FedEx and UPS are looking at bad weather up and down the East Coast, putting many on edge about whether their presents will arrive in time for the holidays.
Thomas Black reported for Bloomberg that both carriers are avoiding issues such as those in 2013:
United Parcel Service Inc. (UPS) and FedEx Corp. (FDX) report package deliveries are running smoothly on the eve of the last regular day before Christmas as extra workers and favorable weather help avert last year’s missed deadlines.
UPS, the world’s largest package delivery company, handled its highest one-day volume yesterday and “everything is working well,” said Andy McGowan, a spokesman. FedEx had its peak day on Dec. 15 and package volume for the season is projected at 290 million, up 8.8 percent from last year.
“We’re super proud of how our team and network are performing this holiday season,” said Connie Avery, a FedEx spokeswoman, in a phone interview today. “We’re still busy.”
UPS, based in Atlanta, and FedEx have been preparing for this test for months. Both hired more temporary workers, updated technology, and invested in infrastructure to make sure they could handle rising demand from online purchases that caught them off guard last year.
Weather didn’t cooperate during the winter of 2013-2014 as an early December ice storm clogged up logistics hubs such as Dallas. Milder temperatures this year have helped manage the package demand.
CNN Money reporters Christina Alesci and Gregory Wallace wrote about the elaborate ways the companies try to combat delivery delays:
Forecasters at both UPS and FedEx sit in a control center alongside the teams that schedule crews, dispatch planes, develop contingency plans and keep the day-to-day operations flowing. Their job is to look at both the big picture — say, a hurricane barreling towards the coast — and the conditions for individual takeoffs and landings.
“Occasionally we’re wrong and we hear about it,” Baker said.
That’s what happened last year, when many packages from Amazon (AMZN, Tech30)weren’t delivered in time for Christmas. While badweather was a factor, UPS underestimated a last-minute surge in orders. Major companies like Amazon actually give UPS and FedEx projections about their volume.

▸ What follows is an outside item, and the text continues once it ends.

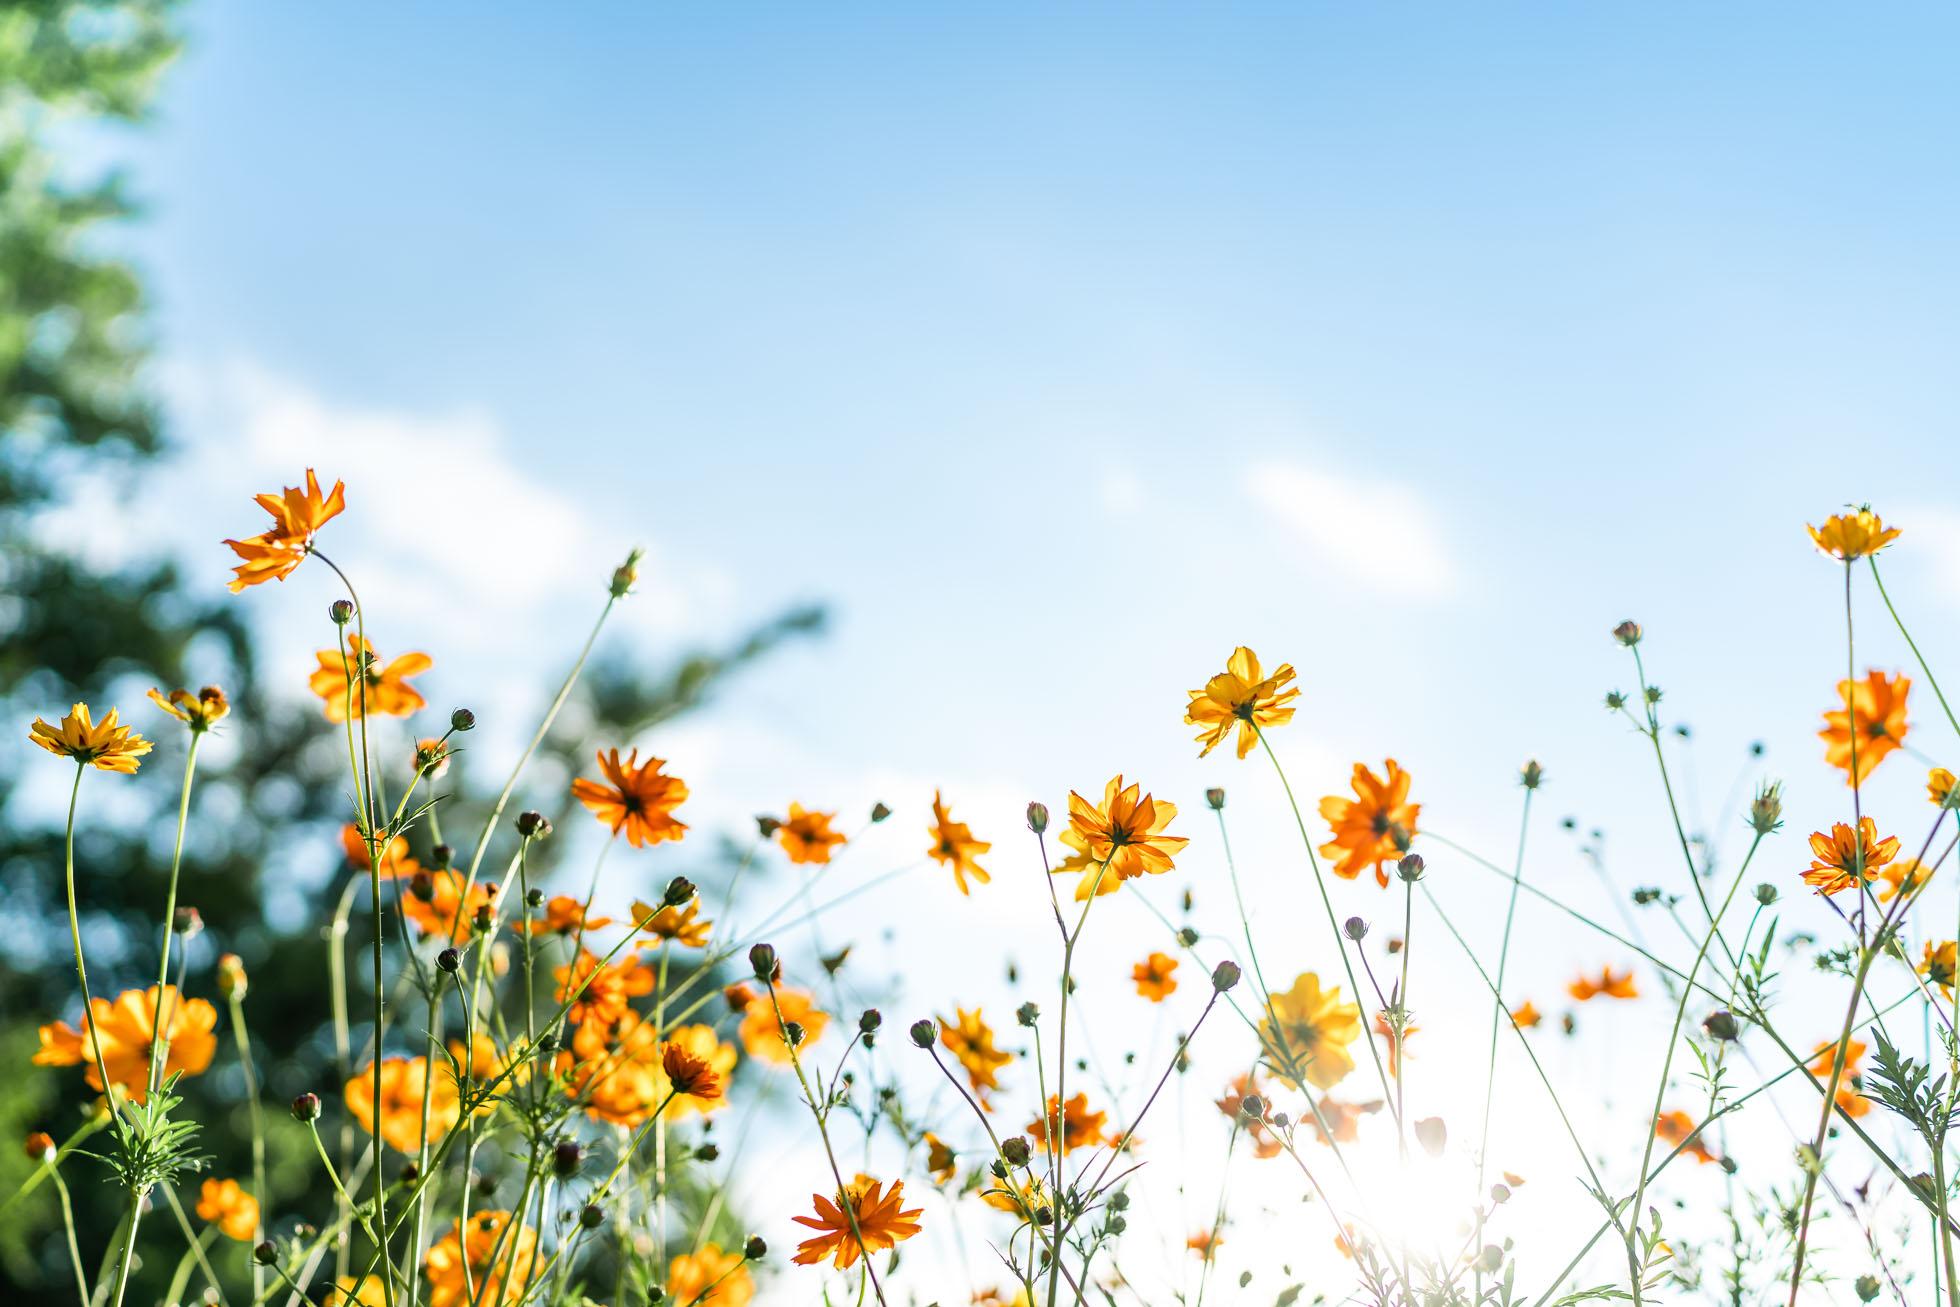 orange wildflowers against blue sky by jennifer carr

FedEx’s team of 15 meteorologists provide “a crystal ball” as early as ten days out, Paul Tronsor, FedEx’s managing director of global operations, told CNNMoney. That’s a big help in keeping the fleet of 650 planes, 150,000 trucks and 300,000 employees nimble.
“There was a severe ice storm headed for Dallas last year,” Tronsor recalled. “We closed that facility because of that ice storm and we rerouted all of that traffic to Memphis.” The planes could’ve landed in Denver, but icy roads meant thousands of packages would’ve been stranded once on the ground.
The team runs forecasts on each key airport two or three times a day, FedEx meteorology manager Kory Gempler told CNNMoney.
So far, the weather this season has been “fairly tranquil,” said Gempler. But he’s watching a storm that could complicate travel and deliveries on Christmas Eve.
But storms or not, if you haven’t made your purchases at this point, you’re out of luck. Laura Stevens and Suzanne Kapner wrote for The Wall Street Journal that carriers are limiting the number of last-minute shipments this year:
United Parcel Service Inc. and FedEx Corp. started capping air express deliveries in recent days after an 11th-hour increase in packages caused some retailers to exceed agreed-upon limits, according to people briefed on the situation.
This year, both UPS and FedEx held some retailers to their volume commitments during the final shopping days before Christmas, aiming to avoid a repeat of last year’s fiasco. Last Christmas, an estimated 2 million express packages didn’t arrive under the tree in time, according to software tracking developer Shipmatrix Inc.
Tom Barone, the vice president of North American operations for eBay Enterprise, which handles shipping and other logistical issues for close to 100 brands and retailers, said delivery companies had asked Tuesday for his clients to scale back last-minute shopping deals to take some pressure off shipment volumes.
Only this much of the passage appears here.